I started out to make a coffee for us both, wondering if I knew enough to make my digestive system work or whether I would simply end up bloated. Walking around the kitchen to get the cups, sugar and milk brought all the old memories back to me. How loving we had been, how passionate, how warm. That's when I realized just how cold I felt now. I had not been circulating blood, or doing any of the myriad other things that were necessary to regulate heat. I no longer needed it, feeling ice cold was no longer an unpleasant sensation, just a sensation. In some ways it was hardly even that, more a spiritual knowledge.

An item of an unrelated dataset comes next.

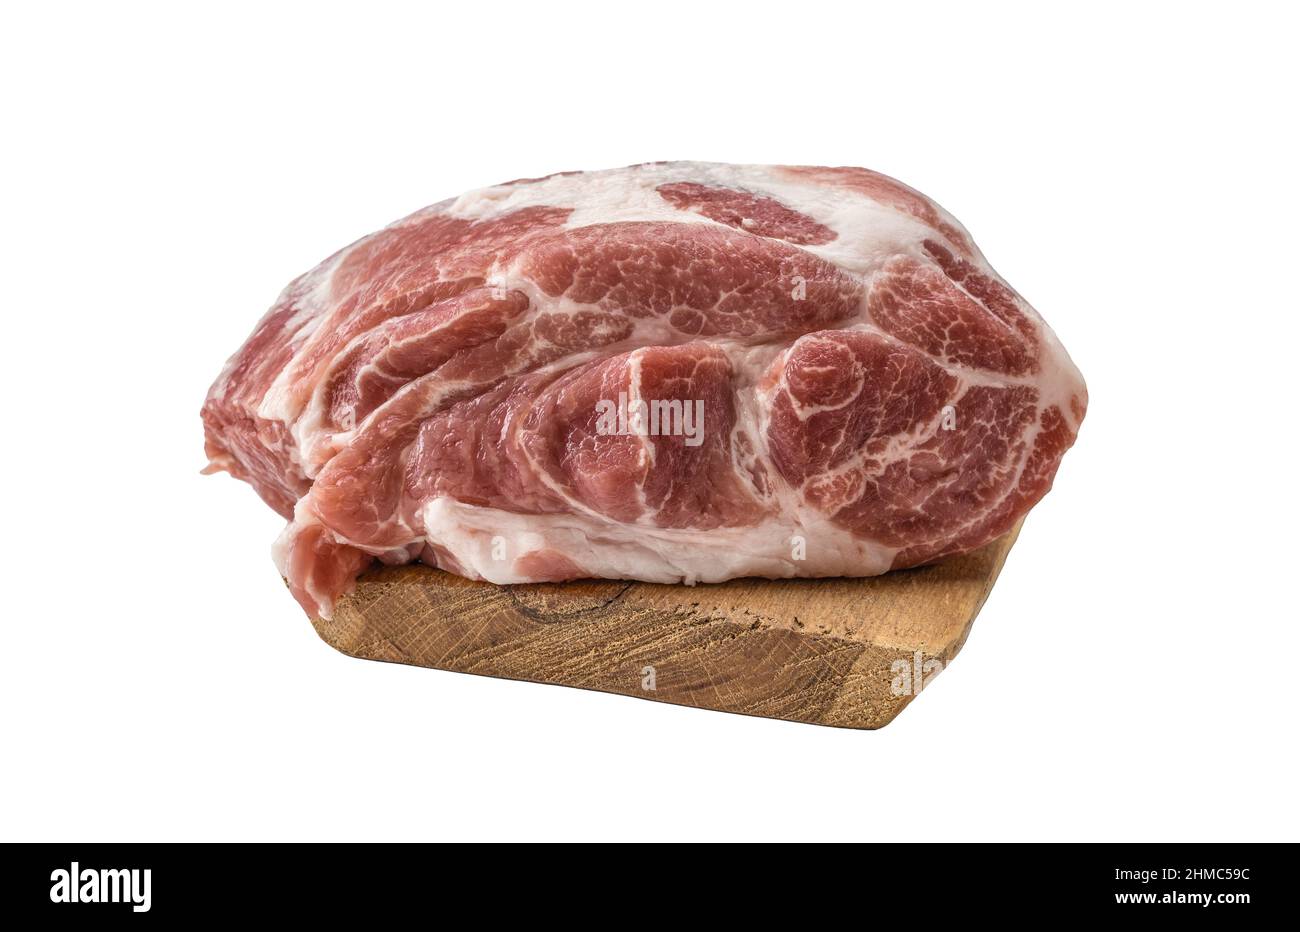 Frisches Schweinefleisch, großes Stück rohes Schweinefleisch auf Holzschneidebrett. Bild für Metzgerei, Metzgerei. Rohes Schweinefleisch Hals oder Bauch. Frisches Fleisch beim Schneiden Stockfoto

I tried to work out what I needed to do with my body in order to function normally. Certainly blood circulation was essential. I concentrated on starting my heart. With that done, I knew I needed to breathe so I focussed once more on my lungs and diaphragm. My heart stopped. I realized it only after concentrating on my breath for a while. I tried to focus more widely, encompassing both heart and lungs in one thoughts. That helped, but it still wasn't enough. There was a whole reproductive system - if that was even worthwhile starting again. There was an endocrine system, about which I could remember nothing. There was the digestive system, nervous system, skin, bones, hair growth even. It struck me that the human body couldn't be more complex if it were designed by NASA.